The SparkFun SGP30 Air Quality Sensor provides information on the quality of the air in your room or house by monitoring the volatile organic compounds around the sensor. The SGP30 Air Quality Sensor can return valid indoor air quality (IAQ) readings within 15 seconds of powering up! By comparison, typical air quality (IAQ) sensors are great for measuring CO2 and volatile organic compounds (VOCs) but some of them require a burn-in time of 48 hours and a 20-min start up time.
Along with a very quick start-up time, the SGP30 from Sensirion is very resistant to contamination from other gases to ensure low drift and long-term stability for extremely reliable results.
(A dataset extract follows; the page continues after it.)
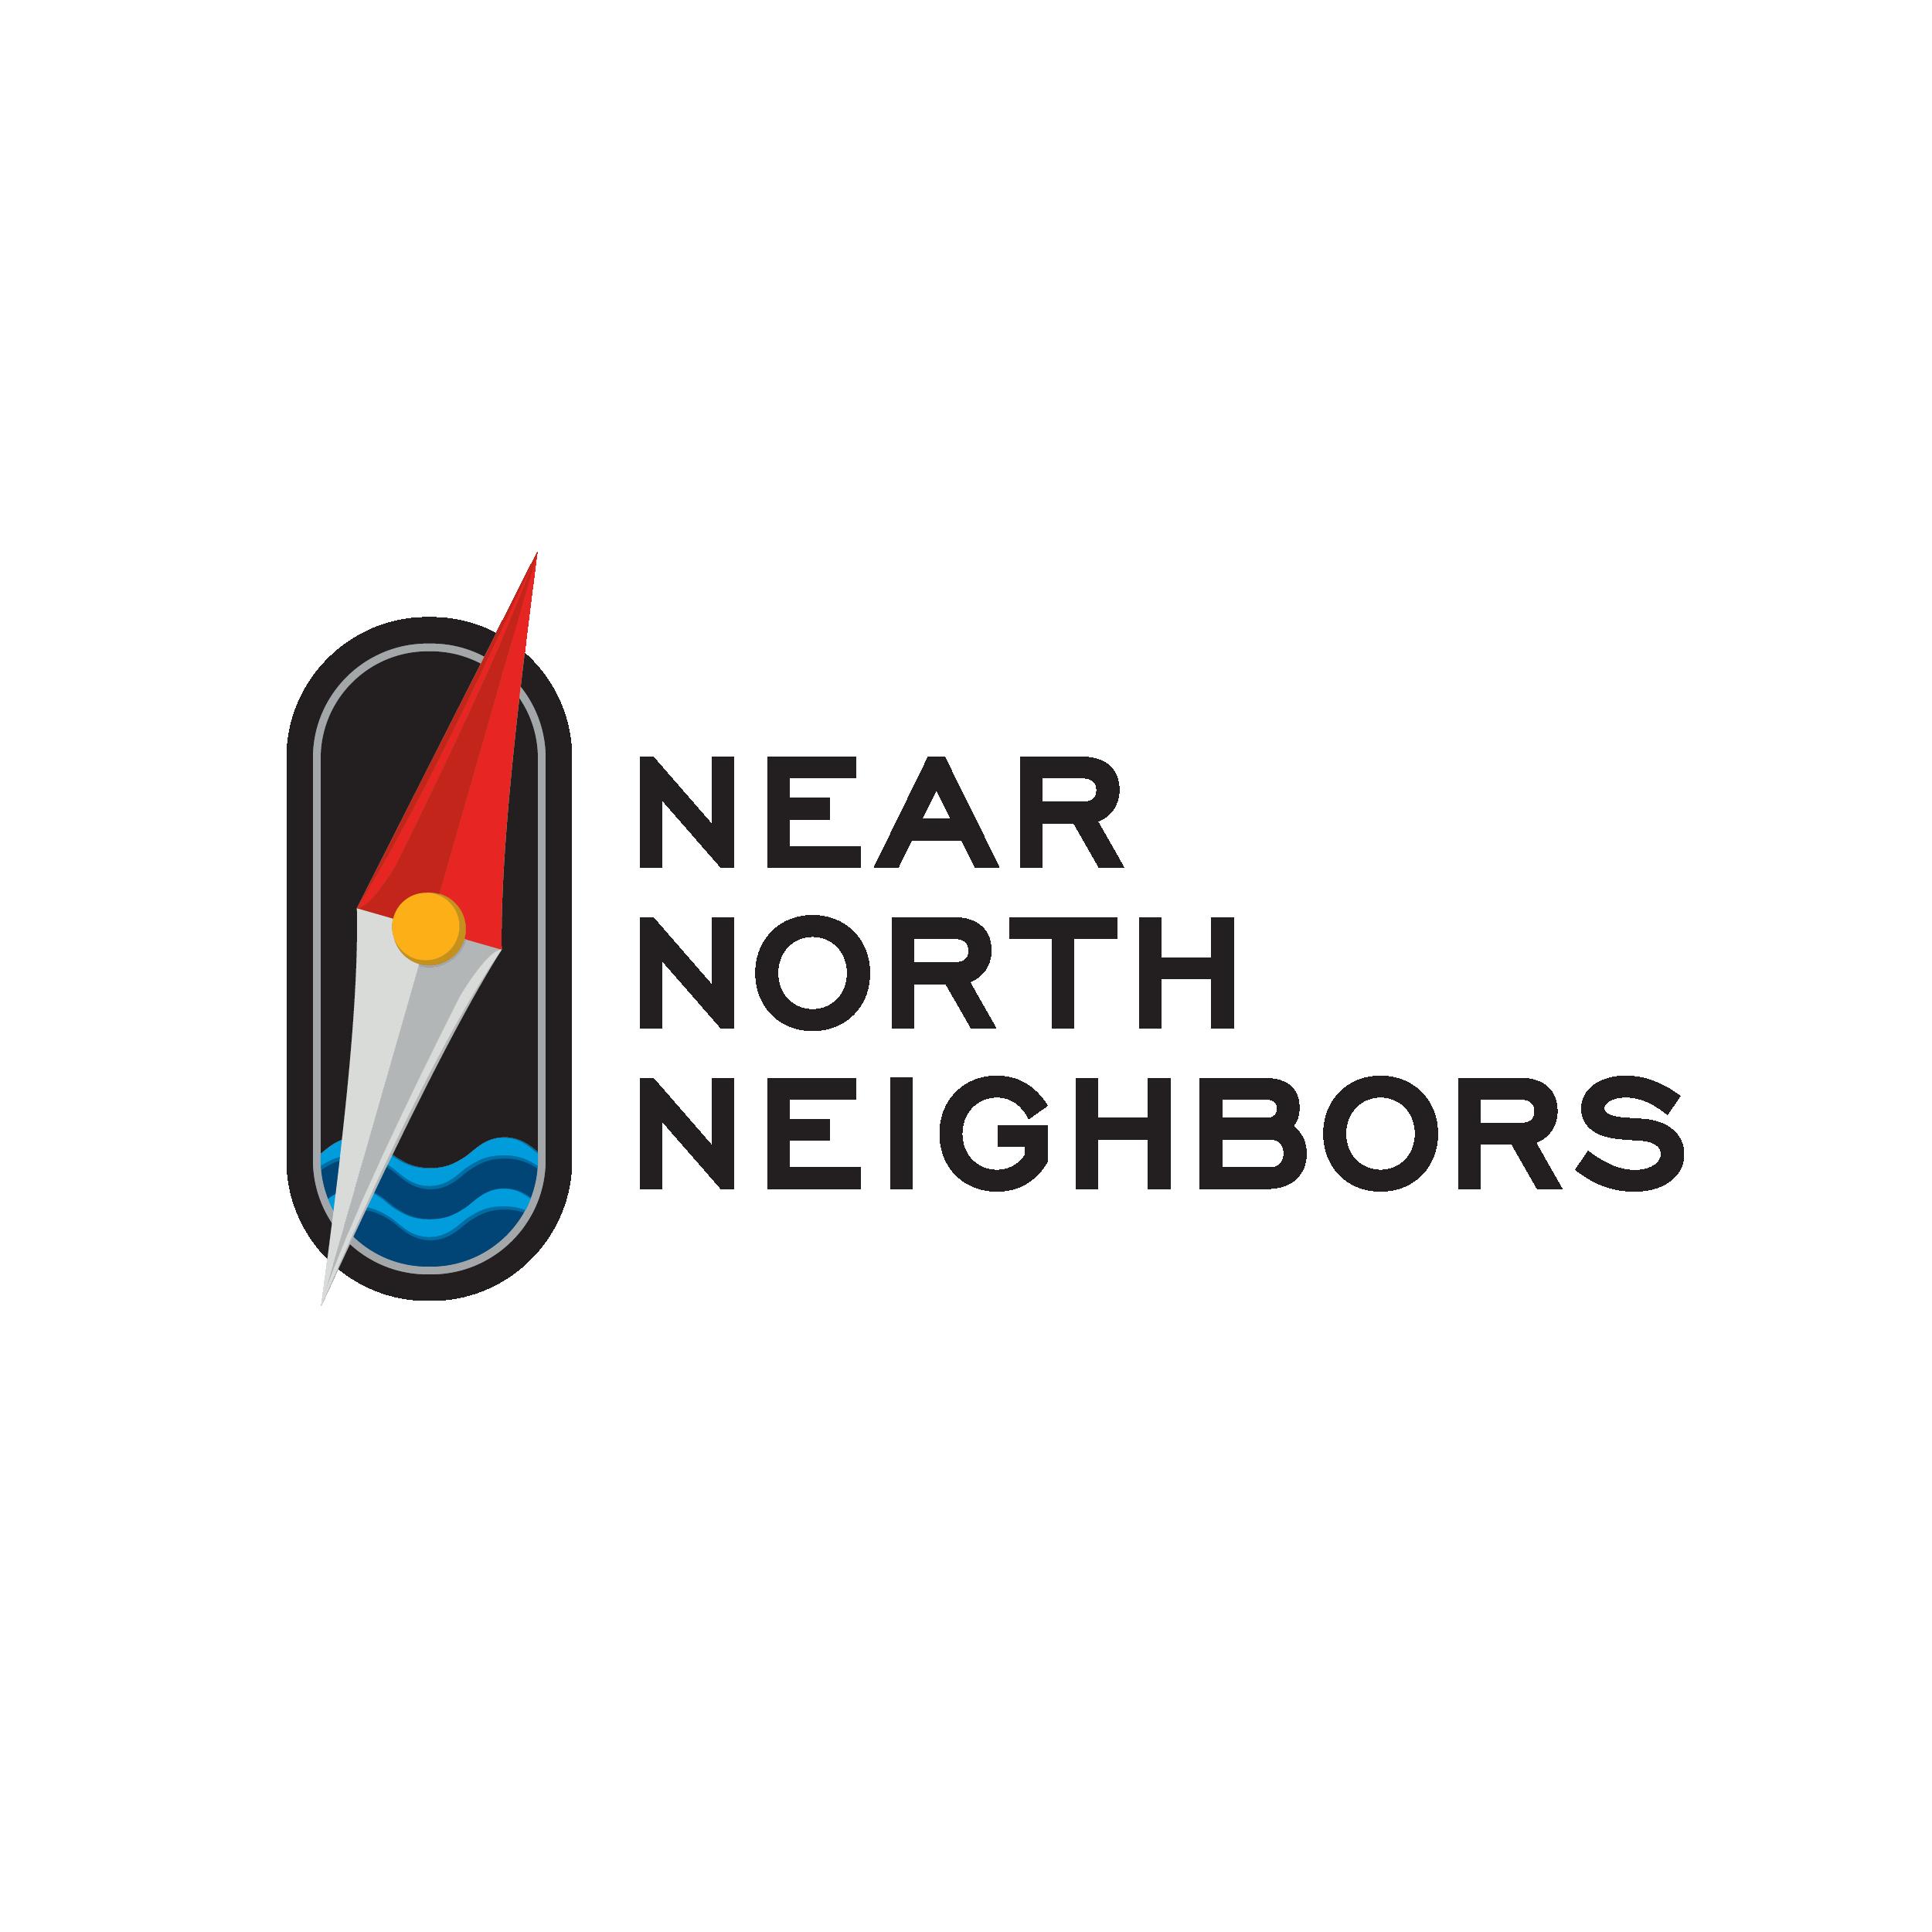 Near North Neighbors

You can read the SGP30 gas sensor output measurements of total VOCs (TVOC) in parts per billion (ppb), carbon dioxide (CO2) equivalent in parts per million (ppm) and H2.
The SGP30 communicates via I2C so naturally we broke out the pins on the sensor to Qwiic connectors so you can easily connect it to SparkFun's ever growing Qwiic Ecosystem!
The SparkFun Qwiic Connect System is an ecosystem of I2C sensors, actuators, shields and cables that make prototyping faster and less prone to error. All Qwiic-enabled boards use a common 1mm pitch, 4-pin JST connector. This reduces the amount of required PCB space, and polarized connections mean you can’t hook it up wrong.
The SGP30 Air Quality Sensor can also be automatically detected, scanned, configured, and logged using the OpenLog Artemis datalogger system. No programming, soldering, or setup required!
If a board needs code or communicates somehow, you're going to need to know how to program or interface with it. The programming skill is all about communication and code.
Skill Level: Rookie - You will need a better fundamental understand of what code is, and how it works. You will be using beginner-level software and development tools like Arduino. You will be dealing directly with code, but numerous examples and libraries are available. Sensors or shields will communicate with serial or TTL.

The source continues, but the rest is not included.